Make Your Own Low-Power AM Radio Transmitter

Objective
The goal of this project is to build a simple AM radio transmitter and to test its broadcast range with a radio receiver.
Introduction
Electromagnetic (EM) radiation is pretty much all around us. For example, light is electromagnetic radiation and so are x-rays. When you listen to an AM or FM radio station, the sound that you hear is transmitted to your radio by the station using EM radiation as a carrier—radio waves. Electromagnetic radiation is a propagating wave in space with electric and magnetic components. In a vacuum, electromagnetic waves travel at the speed of light.
Electromagnetic waves such as light, x-rays, and radio waves are classified by their frequency or wavelength. For example, EM radiation at frequencies between about 430 THz and 750 THz can be detected by the human eye and are perceived as light. EM radiation at frequencies ranging from 3 Hz to 300 GHz are classified as radio waves. Radio waves are divided into many sub-classifications based on frequency. AM radio signals are carried by medium frequency (MF) radio waves (530 to 1710 kHz in North America, 530 to 1610 elsewhere), and FM radio signals are carried by very high frequency (VHF) radio waves (88 to 108 MHz).
So how does a radio wave carry sounds such as voice or music to your radio receiver? The radio station broadcasts a carrier wave at the station's assigned frequency. The carrier wave is modulated (varied) in direct proportion to the signal (e.g., voice or music) that is to be transmitted. The modulation can change either the amplitude or the frequency of the carrier wave. The "AM" in AM radio stands for "amplitude modulation," and the "FM" in FM radio stands for "frequency modulation." A radio receiver removes the carrier wave and restores the original signal (the voice or music). Figure 1, below shows graphically how amplitude modulation works.
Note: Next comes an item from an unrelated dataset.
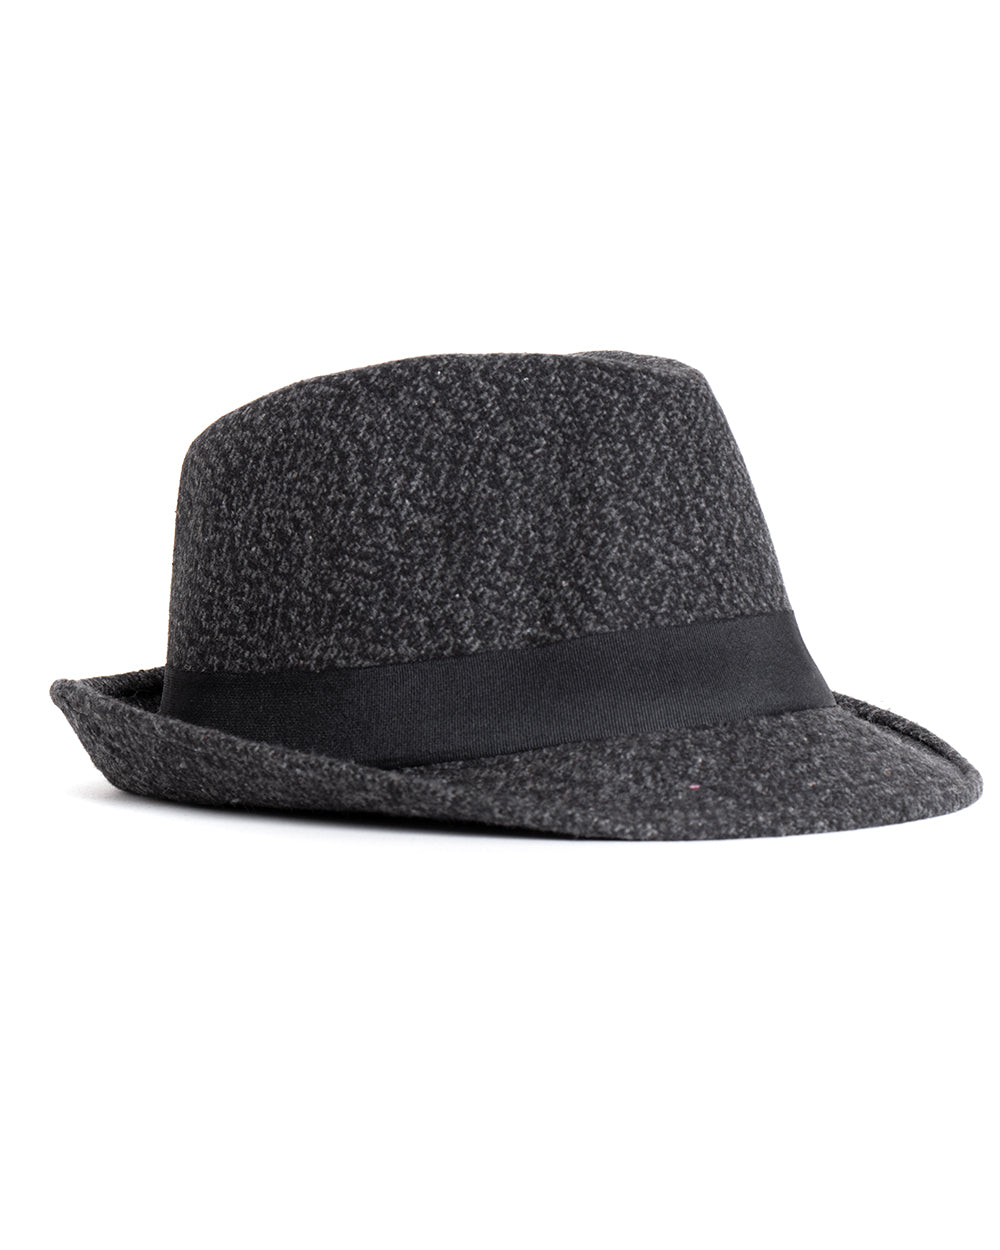 Cappello Uomo Rigido Nero Hat Casual Elegante Microfantasia GIOSAL-CAP1005A

Figure 1. Illustration of amplitude modulation of a carrier wave by a signal. The top diagram shows a carrier wave at a set frequency and amplitude (green) and a signal to be broadcast (red). The signal is used to modulate the amplitude of the carrier wave. The bottom diagram shows the resulting output signal (blue). Note how the peaks of the output trace (its envelope) follow the form of the input signal. (Wikipedia contributors, 2006a)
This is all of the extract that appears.